3.6. B. cereus Isolates from Toronto Show Genetic Diversity Comparable to a Global Collection of Isolates

Taken together, the previous findings, including the open pangenome revealed by rarefaction analysis, the high diversity observed in accessory gene content, and the lack of clustering by isolate source in earlier phylogenetic analyses, highlight the relatively high level of genetic diversity within B. cereus isolates collected in Toronto, Canada. To better understand how this diversity compares globally, we included a representative collection of B. cereus sensu lato genomes (n = 373) downloaded from NCBI. These genomes span over 70 years [28] and originate from eight countries: Argentina, Brazil, Canada, China, Korea, Japan, the United Kingdom and the United States (Table S5).
Phylogenetic analysis using a recombination-removed and gap-free core genome alignment revealed that B. cereus isolates from the premises of the Toronto HMB and 3 downtown Toronto hospitals were interspersed throughout the global dataset (Figure 5), with the exception of clusters 7, 8, 10, 12, and 14, which contained no isolates from Toronto.
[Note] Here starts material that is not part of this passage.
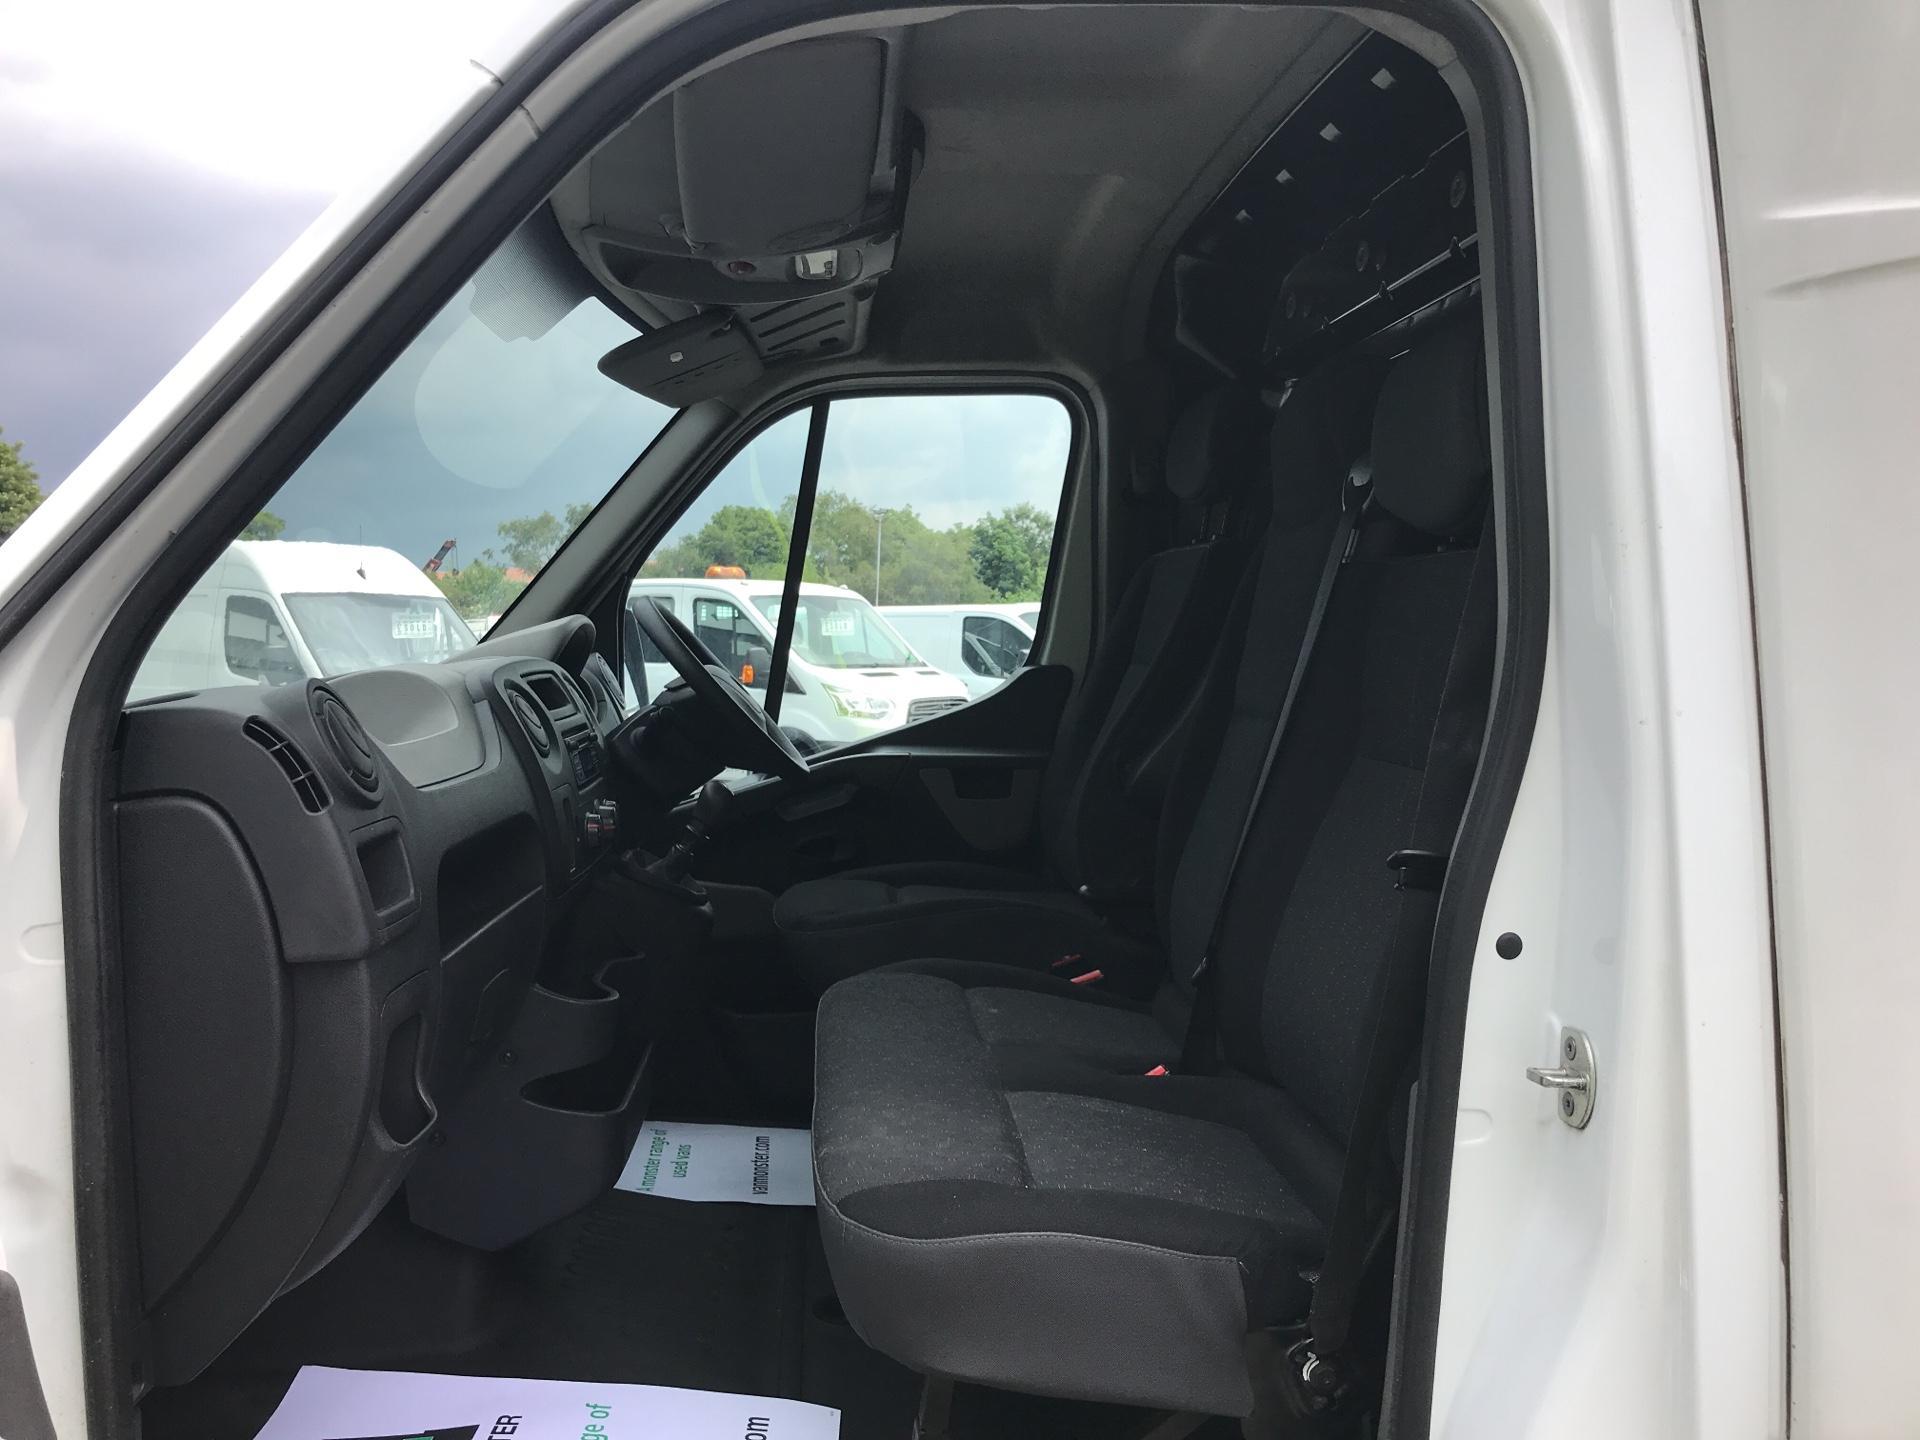 2016 Vauxhall Movano 2.3 CDTI BITURBO ECOFLEX H1 LUTON 136PS (DP65ZZB) Image 14

However, these clusters were mainly formed by non-B. cereus sensu stricto isolates (Figure 5). The interspersion of local and global B. cereus isolates noted on the remaining nine clusters (Figure 5) recapitulates the lack of distinct clustering by source or geographic origin, indicating that the B. cereus genetic diversity that is observed locally is comparable to that found globally across strains spanning several decades and multiple countries.
The largest BAPS cluster was cluster 6, comprising 232 isolates, of which 137 originated from our collection (Figure 5). This cluster included isolates from all three source categories: human milk (n = 30), patient (n = 59), and the environment (n = 48). The analysis also recapitulated the known evolutionary relationships among members of the B. cereus sensu lato group. Notably, genomes of B. cereus and B. thuringiensis were frequently intermixed across six clusters (3, 4, 5, 6, 9, and 11), appearing alongside both local and global B. cereus genomes (Figure 5). The heterogeneous nature of BAPS cluster 11 is particularly striking, as it includes genomes of B. wiedmannii, Bacillus anthracis, and B. cereus. Among the 12 local isolates found in this cluster, 11 were derived from patient samples. In BAPS cluster 3 (n = 23), local B. cereus isolates clustered alongside Bacillus toyonensis and B. thuringiensis, highlighting the overlapping core genome features across these taxa (Figure 5).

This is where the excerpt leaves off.